__Data provided__:

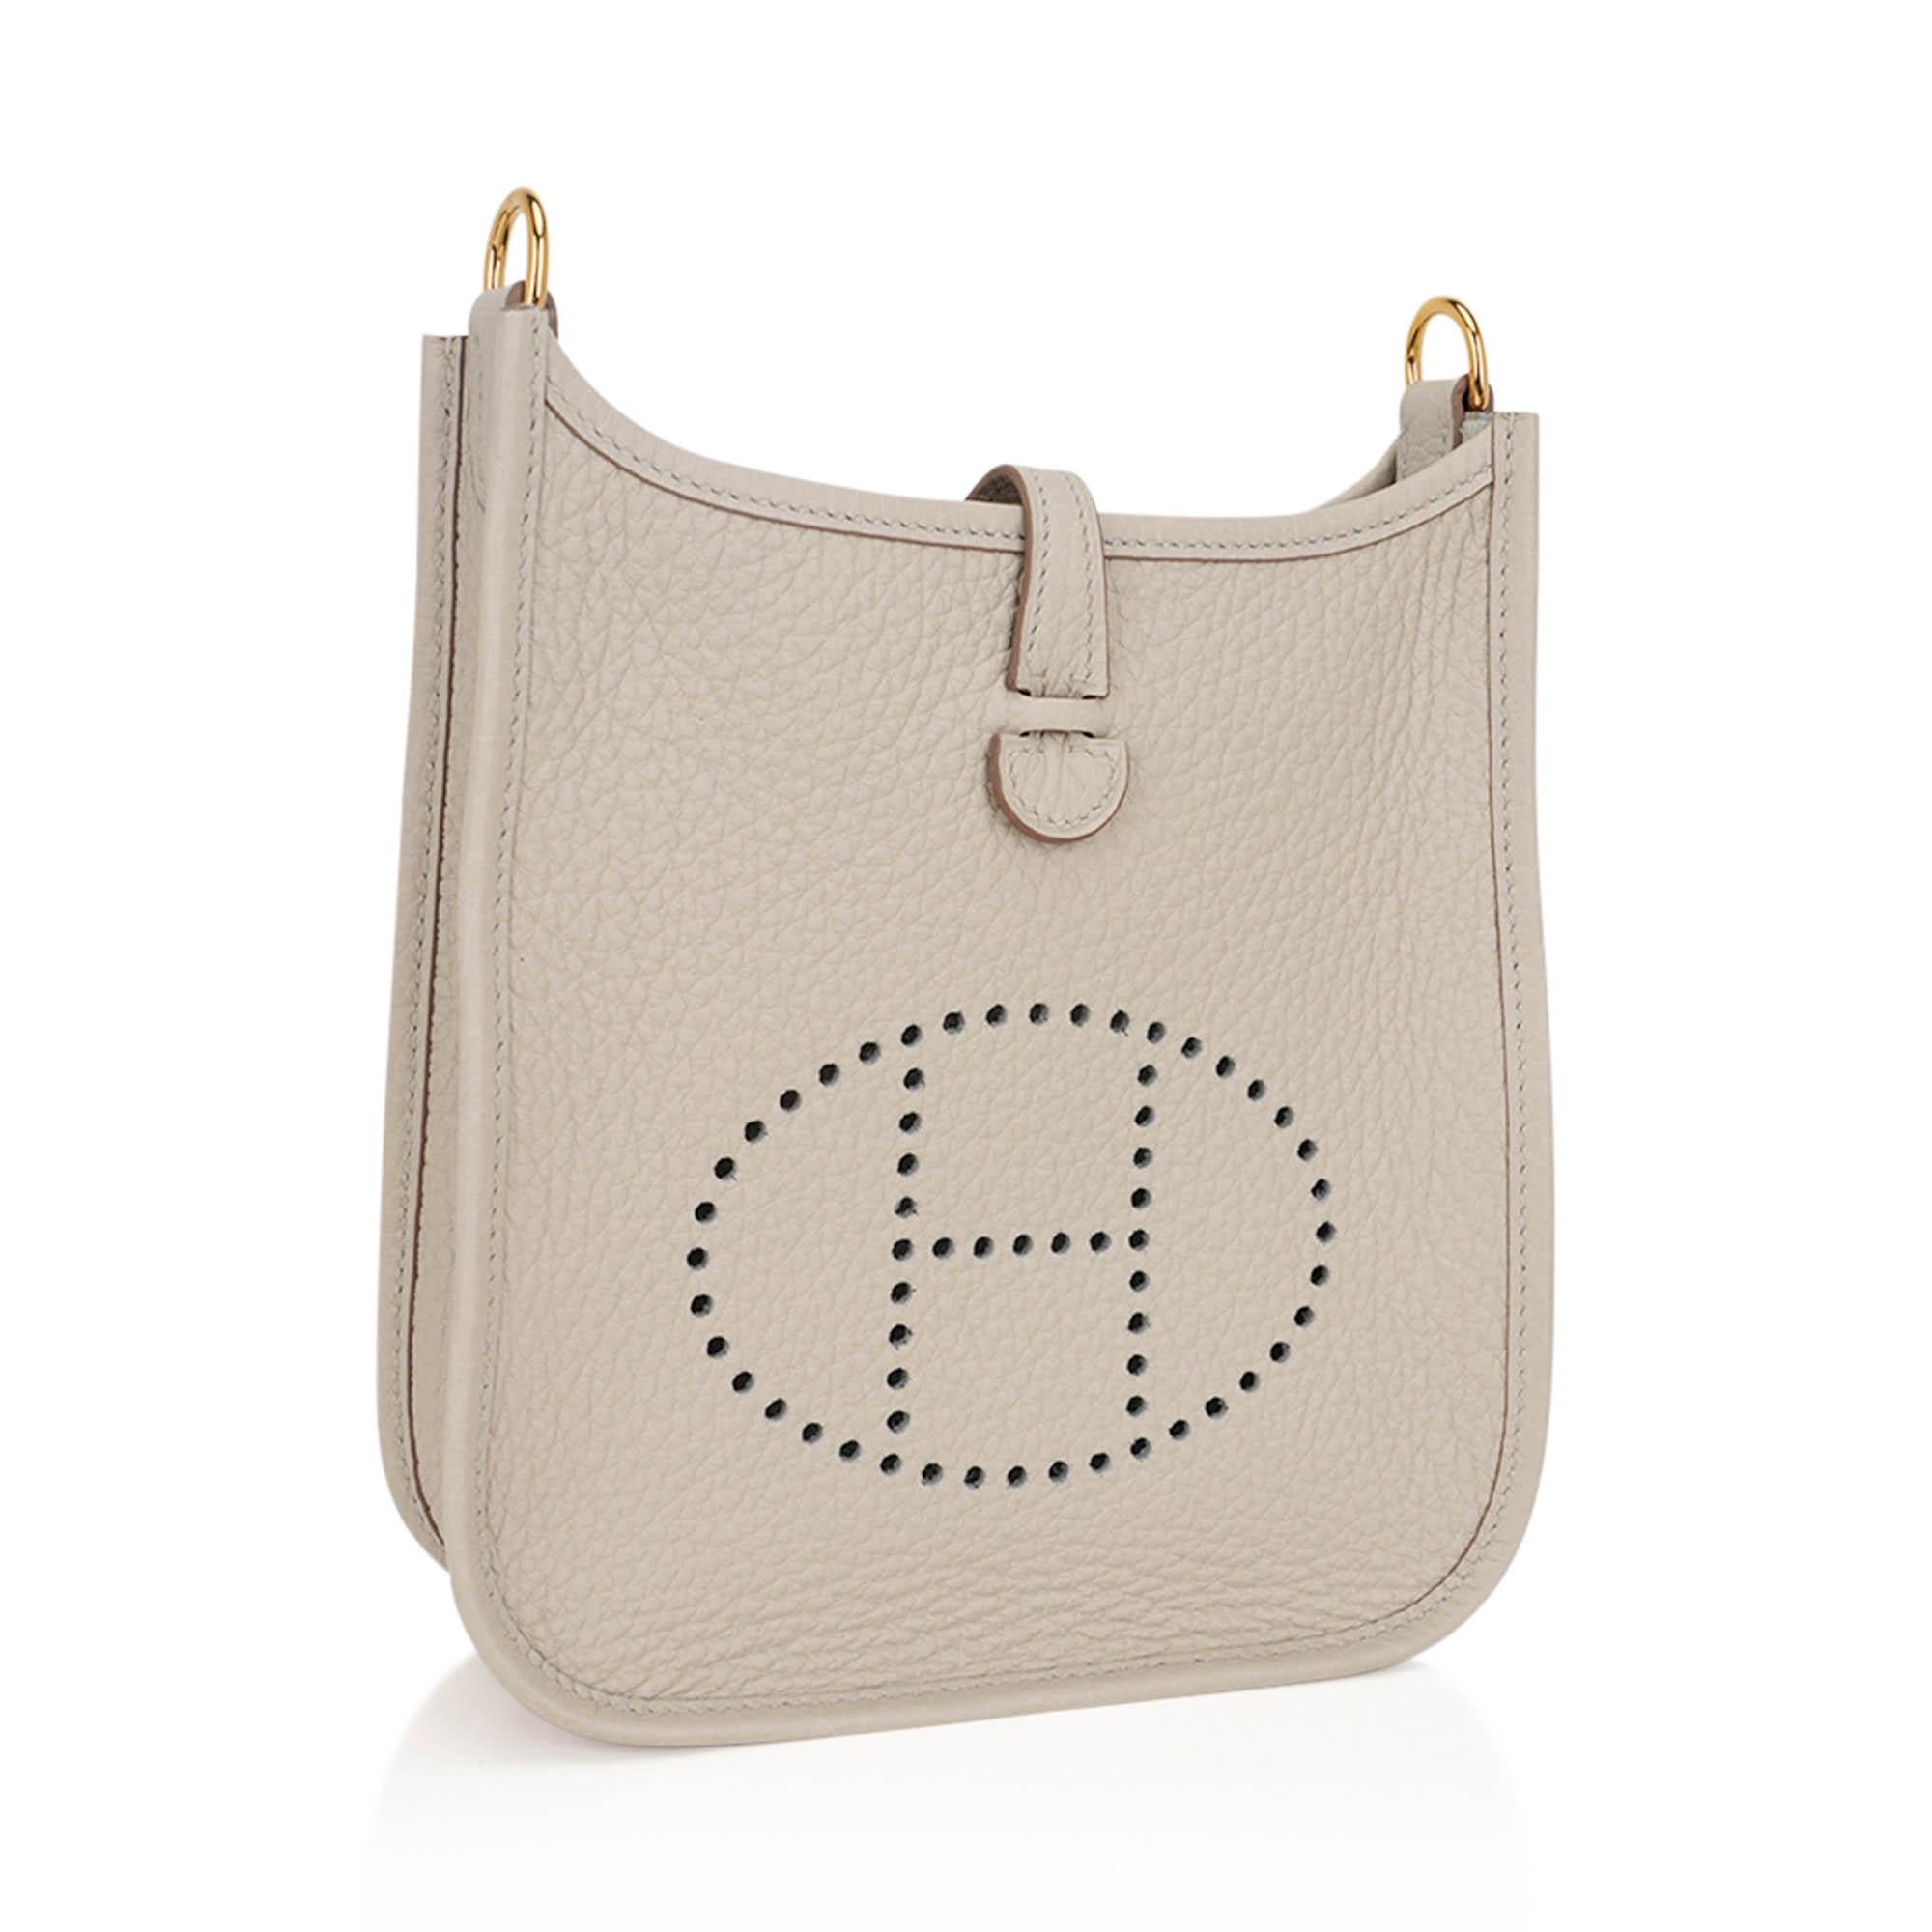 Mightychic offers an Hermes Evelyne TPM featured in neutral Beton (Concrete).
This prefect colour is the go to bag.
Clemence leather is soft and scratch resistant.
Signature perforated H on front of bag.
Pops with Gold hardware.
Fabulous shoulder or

...

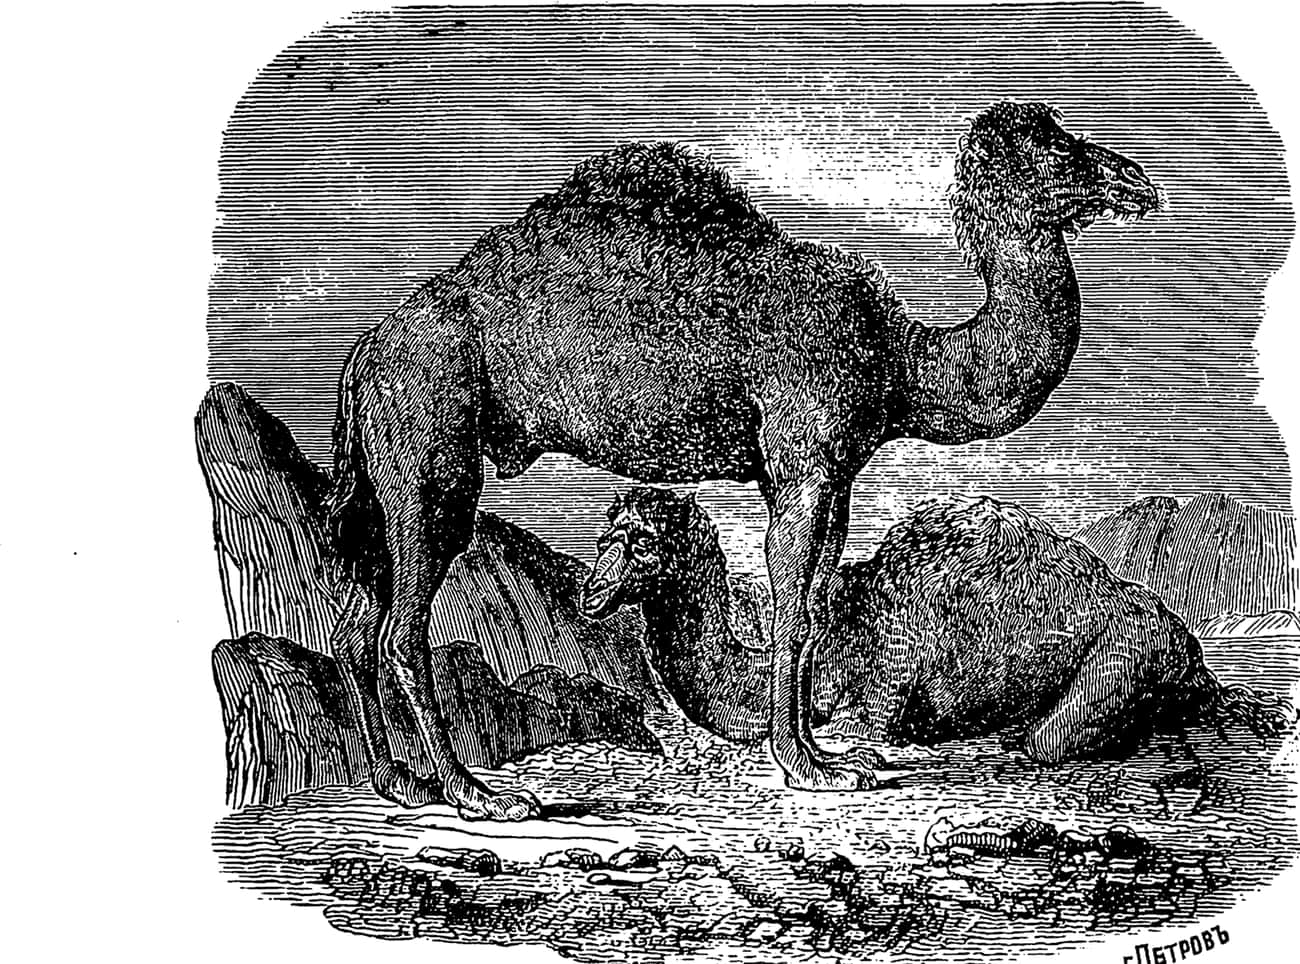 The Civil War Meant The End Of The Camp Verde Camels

__What you will do__: All that belongs in the answer is the run of lines above from the line containing "Signature perforated H on front of bag." through the line containing "Fabulous shoulder or", exactly as written.

__Answer to this task__:
Signature perforated H on front of bag.
Pops with Gold hardware.
Fabulous shoulder or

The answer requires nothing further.